Start at the first line below and write out everything verbatim except the pictures.

*** Information provided Section Begins ***

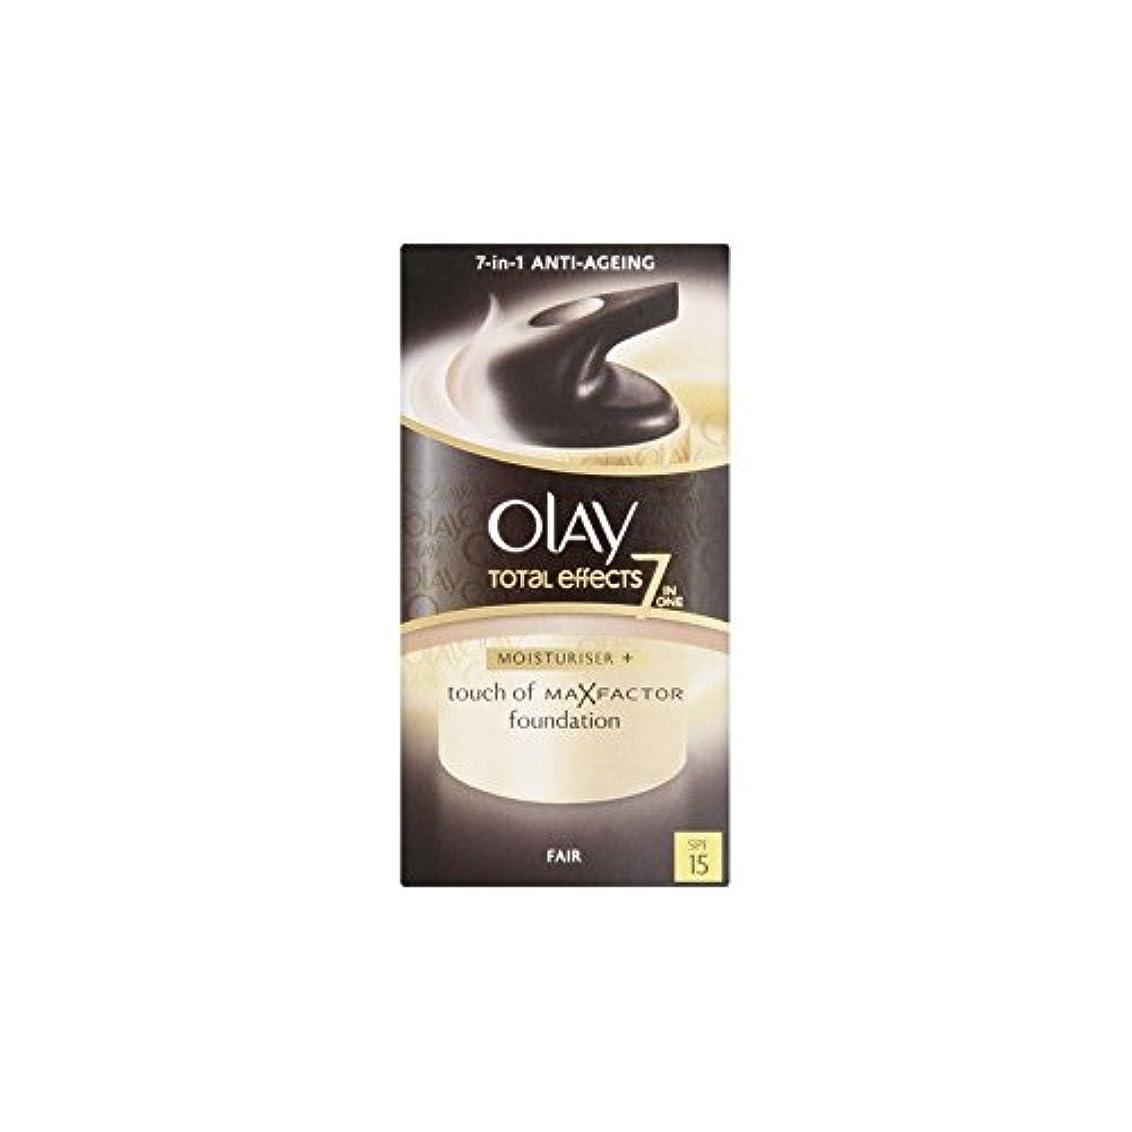 兵隊栄光全体にオーレイトータルエフェクト保湿クリーム15 - フェア(50ミリリットル) x4 - Olay Total Effects Moisturiser Bb Cream Spf15 - Fair (50ml) (Pack of...
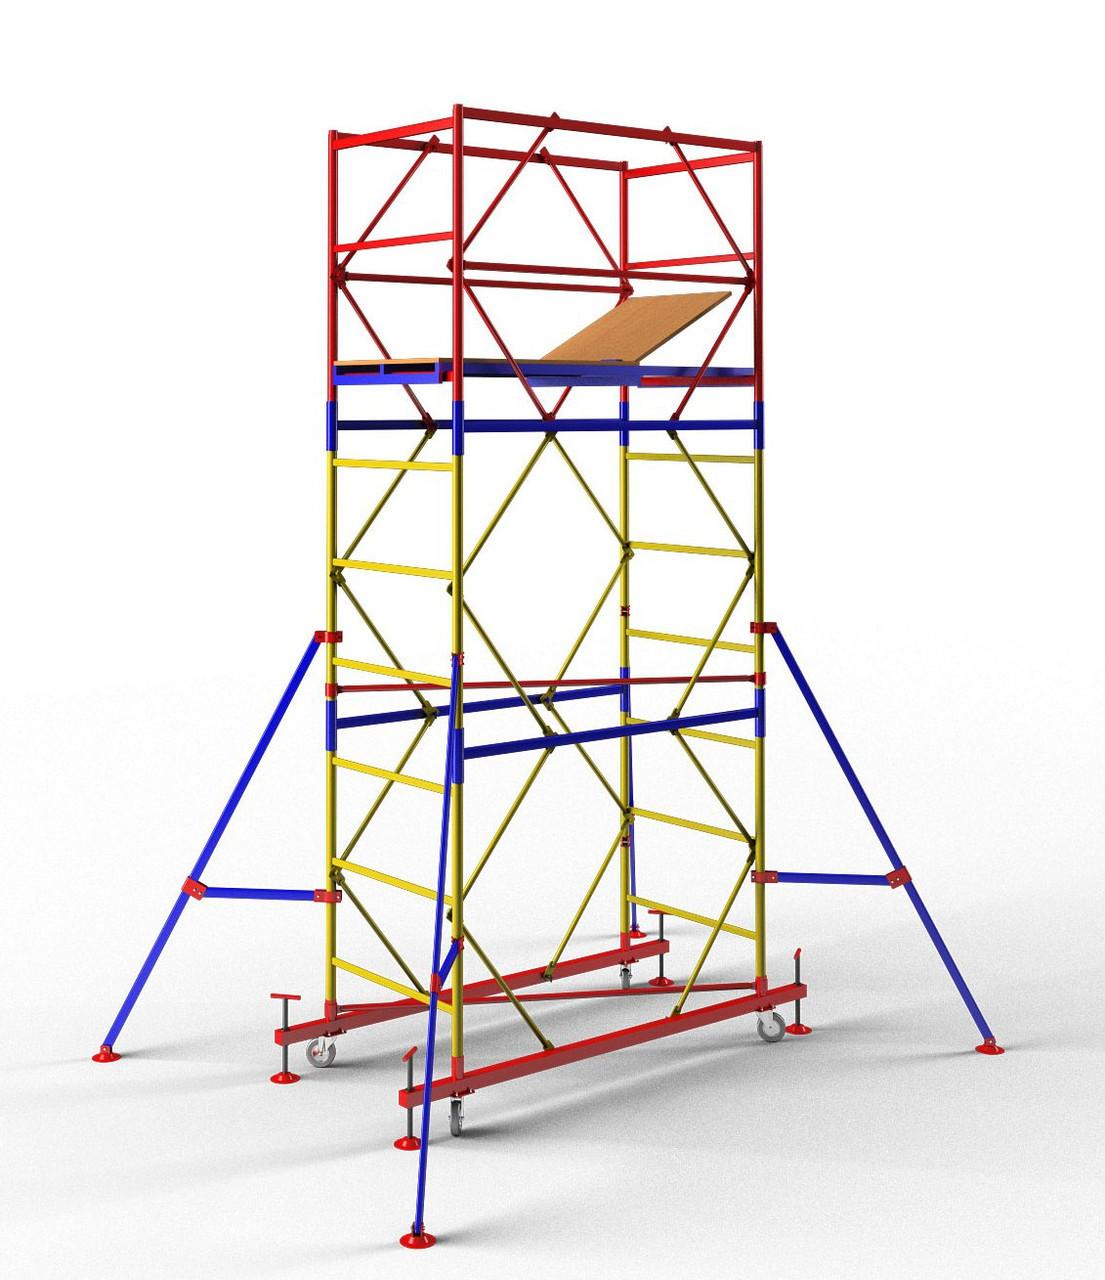 Вышка-тура мобильная облегченная 1,7 x 0,8 м (5+1) Раб.высота 8,4 м
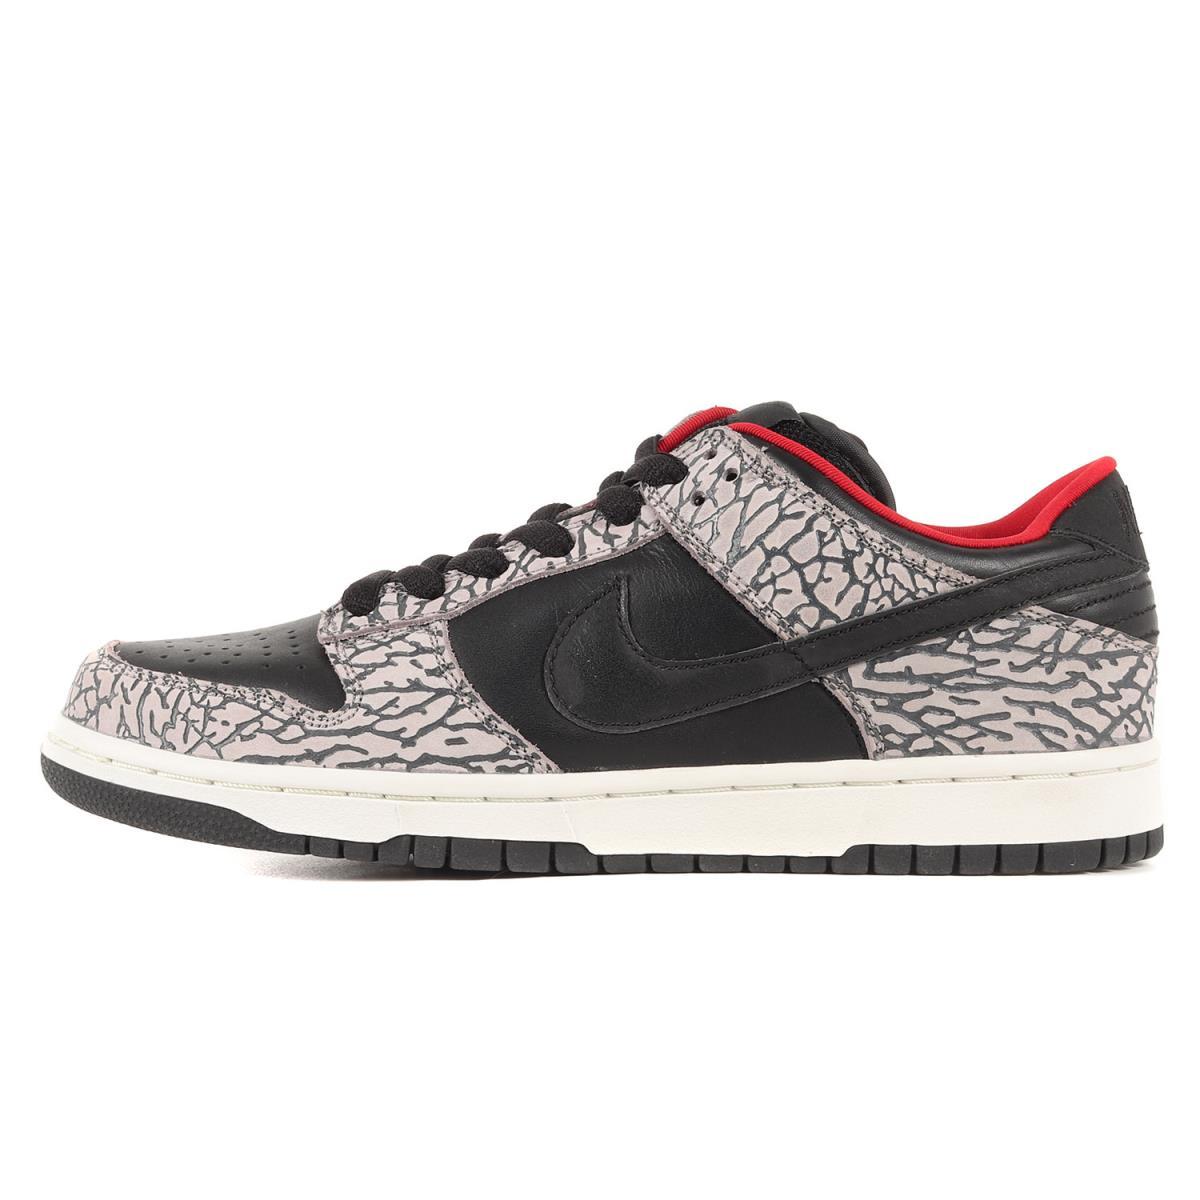 メンズ靴, スニーカー Supreme NIKE DUNK LOW PRO SB 1st 304292-131 02AW US9(27cm) K3132

*** Information provided Section Ends ***

Written answer
 兵隊栄光全体にオーレイトータルエフェクト保湿クリーム15 - フェア(50ミリリットル) x4 - Olay Total Effects Moisturiser Bb Cream Spf15 - Fair (50ml) (Pack of...
 Вышка-тура мобильная облегченная 1,7 x 0,8 м (5+1) Раб.высота 8,4 м
 メンズ靴, スニーカー Supreme NIKE DUNK LOW PRO SB 1st 304292-131 02AW US9(27cm) K3132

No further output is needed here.